Two Spin System: Canonical Ensemble

We calculate:

\[Z = \frac{N\epsilon}{e^{\frac{\epsilon}{T}} + 1}\]
\[\langle E \rangle = \frac{N \epsilon}{e^{\frac{\epsilon}{T}} + 1}\]

Note that this agrees with the same result obtained from the microcanonical ensemble after a Legendre transform.

Classical Harmonic Oscillator

Microcanonical ensemble

\(1 = \int d^{6N}\mu \rho = C'\cdot A\), for \(A=\int_{E \leq \sum_{i}^{3N}\frac{p_i^2}{2m}+\frac{kq_i^2}{2}\leq E+\delta E} dq_1...q_n,p_1...p_n\)

To evaluate this integral, we can note that for \(\tilde{\Omega}(E)=\int_{\sum_{i}^{3N}\frac{p_i^2}{2m}+\frac{kq_i^2}{2}\leq E} dq_1...q_n,p_1...p_n\), we have that \(A=\tilde{\Omega}(E+\delta E)-\tilde{\Omega}(E)\).
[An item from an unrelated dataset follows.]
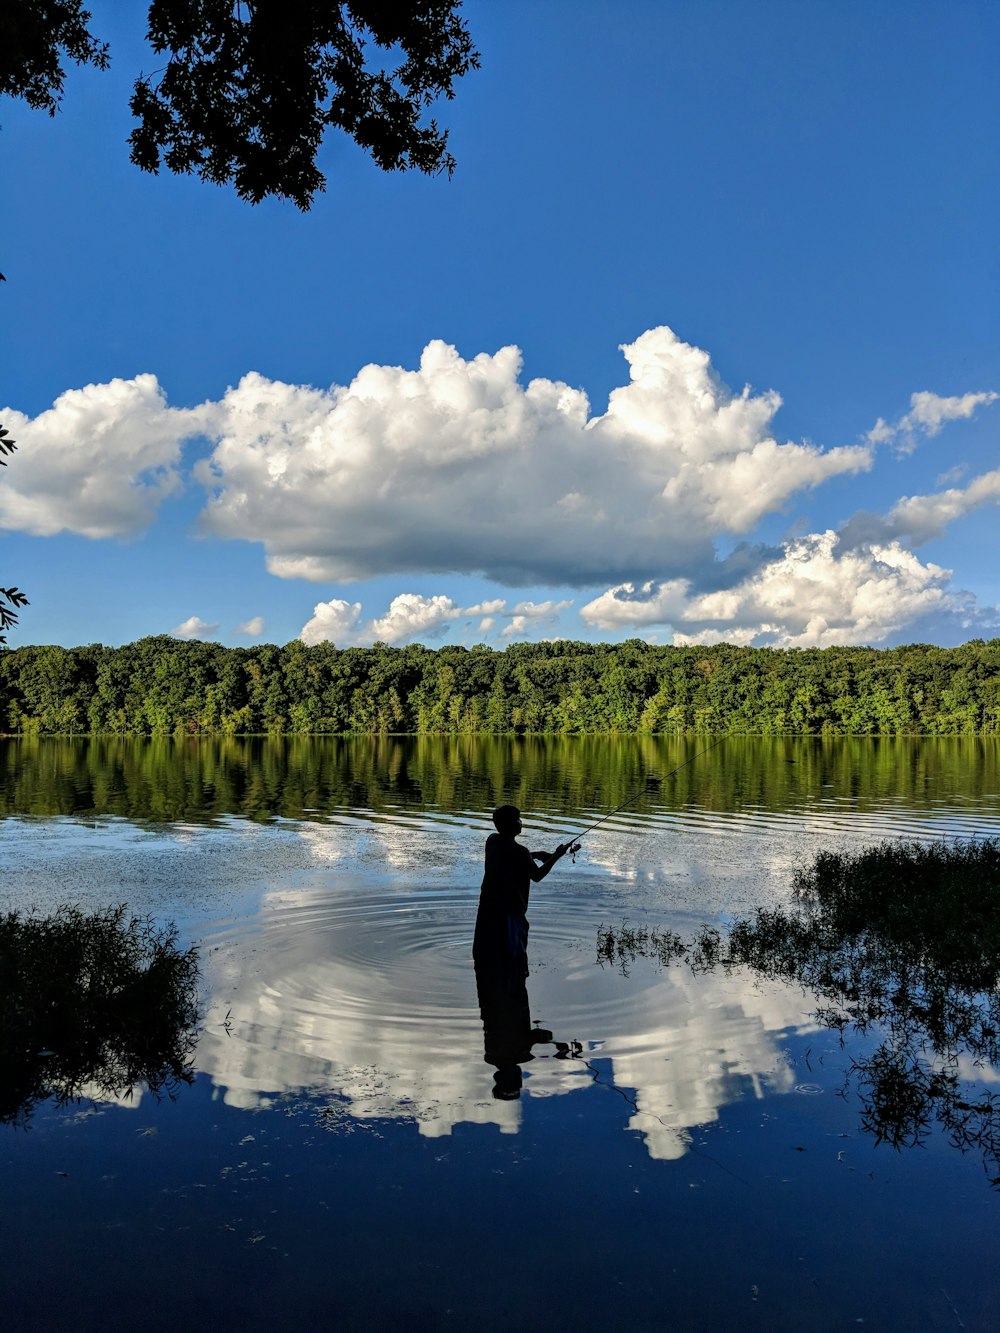 Persona de pie sobre el agua cerca de árboles verdes bajo el cielo azul y nubes blancas durante el día
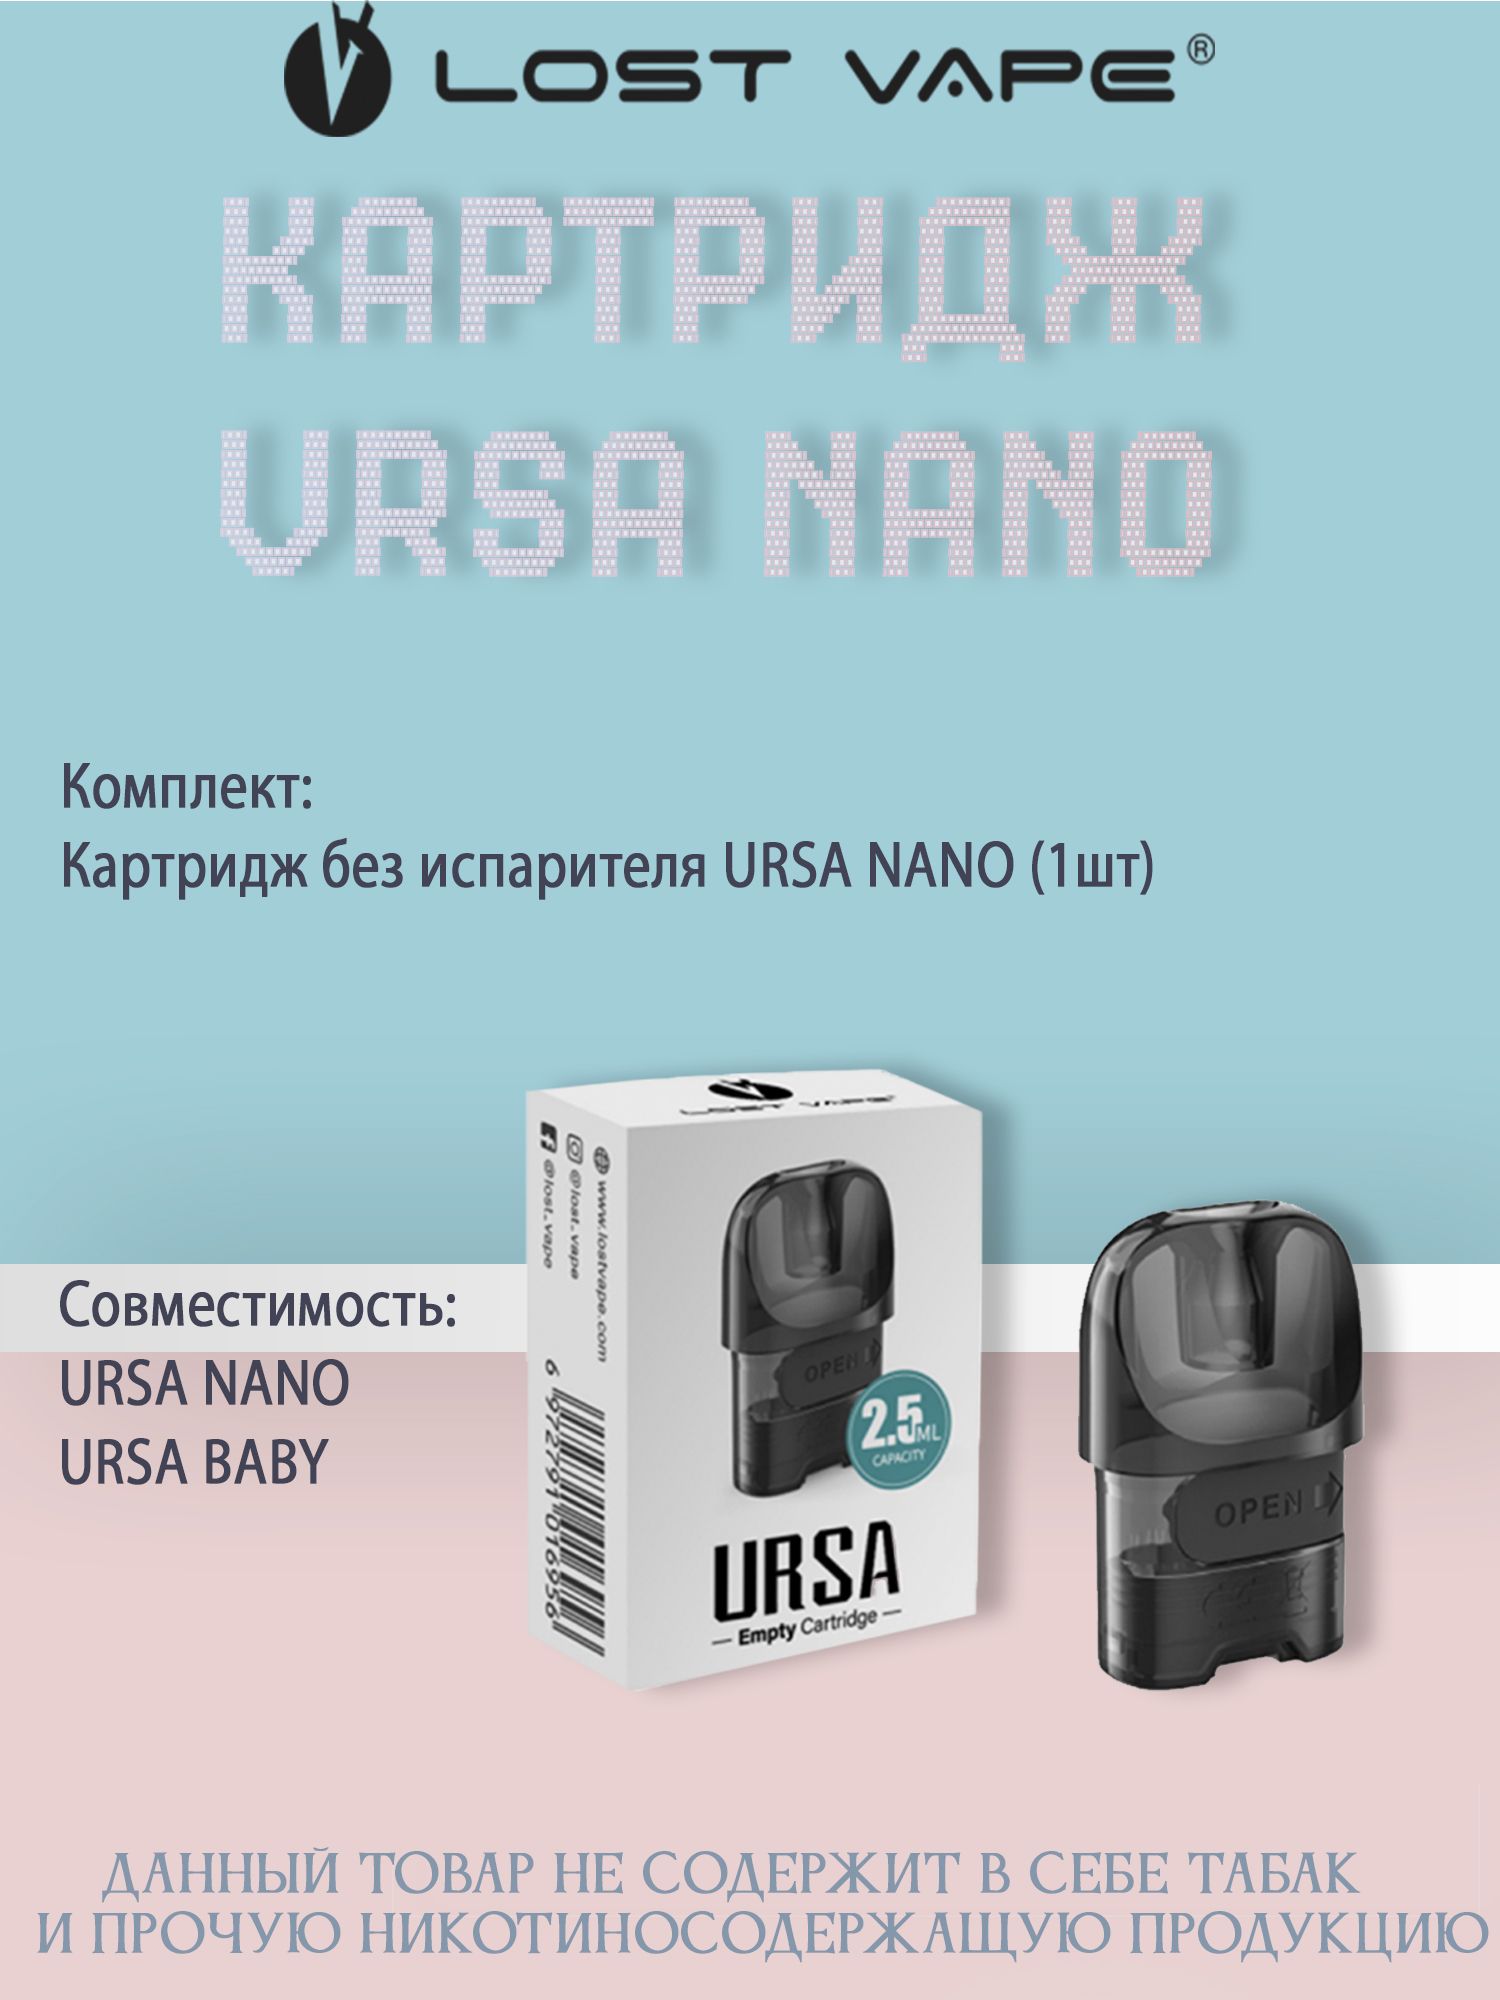 Ursa Nano Pro Купить В Новосибирске

\(\tilde{\Omega}(E)\) is can be obtained by the formula for the volume of a sphere, and a change of variables to \((\frac{p_1}{\sqrt{m}}...\frac{p_n}{\sqrt{m}},\sqrt{k}q_1...\sqrt{k}q_n)\), which incurs a Jacobian determinant of \((\frac{m}{k})^{\frac{3N}{2}}\). In particular:

\[\tilde{\Omega}(E) = \int_{\sum_{i}^{3N}(\frac{p_i}{\sqrt{m}})^2+(\sqrt{k}q_i)^2\leq 2E} dq_1...dq_n,dp_1...dp_n = (\frac{m}{k})^{\frac{3N}{2}} \int_{\sum_{i}^{3N}(\frac{p_i}{\sqrt{m}})^2+(\sqrt{k}q_i)^2\leq 2E} d\frac{p_1}{\sqrt{m}}...d\frac{p_n}{\sqrt{m}},d\sqrt{k}q_1...d\sqrt{k}q_n = (\frac{m}{k})^{\frac{3N}{2}} Sph(6N,\sqrt{2E})\]
\[=\sqrt{\frac{m}{k}}^{3N}\frac{\pi^{3N}(2E)^{3N}}{\Gamma(3N+1)}\]

So in the limit of small \(\Delta E\), we have that \(\frac{A}{\Delta E}=\frac{\partial A}{\partial E} = \sqrt{\frac{m}{k}}^{3N}\frac{\pi^{3N}(2E)^{3N}}{\Gamma(3N+1)}=\frac{6N\sqrt{\frac{m}{k}}^{3N}\pi^{3N}(2E)^{3N-1}}{\Gamma(3N+1)}\)

Then, again in the limit of small \(\Delta E\), \(C'=\frac{1}{\Delta E}\frac{\Gamma(3N+1)}{6N\sqrt{\frac{m}{k}}^{3N}\pi^{3N}(2E)^{3N-1}}\)

Canonical ensemble

Let's consider a single, 1D classical harmonic oscillator. I use \(\mu\) to denote a point in phase space, with coordinates \((p,q)\). Assume units where \(k_B\) is \(1\).

\[H(q,p)=\frac{p^2}{2m}+\frac{kq^2}{2}\]
\[Z = \int e^{-\beta H(\mu)}d\mu = \left(\int_{\RR} dp e^{-\beta T(p)}\right)\cdot\left( \int_{\RR} e^{-\beta V(q)} \right) = \sqrt{\frac{2m\pi}{\beta}}\cdot \sqrt{\frac{2\pi}{\beta k}} = \frac{2\pi}{\omega\beta}\]

where \(\omega\) is \(\sqrt{\frac{k}{m}}\), which is the frequency of the oscillator.

So \(E = -\frac{\partial \log Z(\beta)}{\partial\beta} = \frac{1}{\beta} \Rightarrow E = T\)

This means that for any spring constant, the oscillator is equal to the temperature. This turns out not to be the correct model for nature: it turns out that at low temperatures and high spring constants, heat capacity decreases. Explaining this requires quantum mechanics.

Kinetics

Kinetics is the application of actual mechanics to obtain physical behaviors of large systems. So for example, you could take the Maxwell speed distribution of particles in an ideal gas, and look at their collisions with the sides of a box, for example, to work out how much force they should impart, and thus what the pressure is.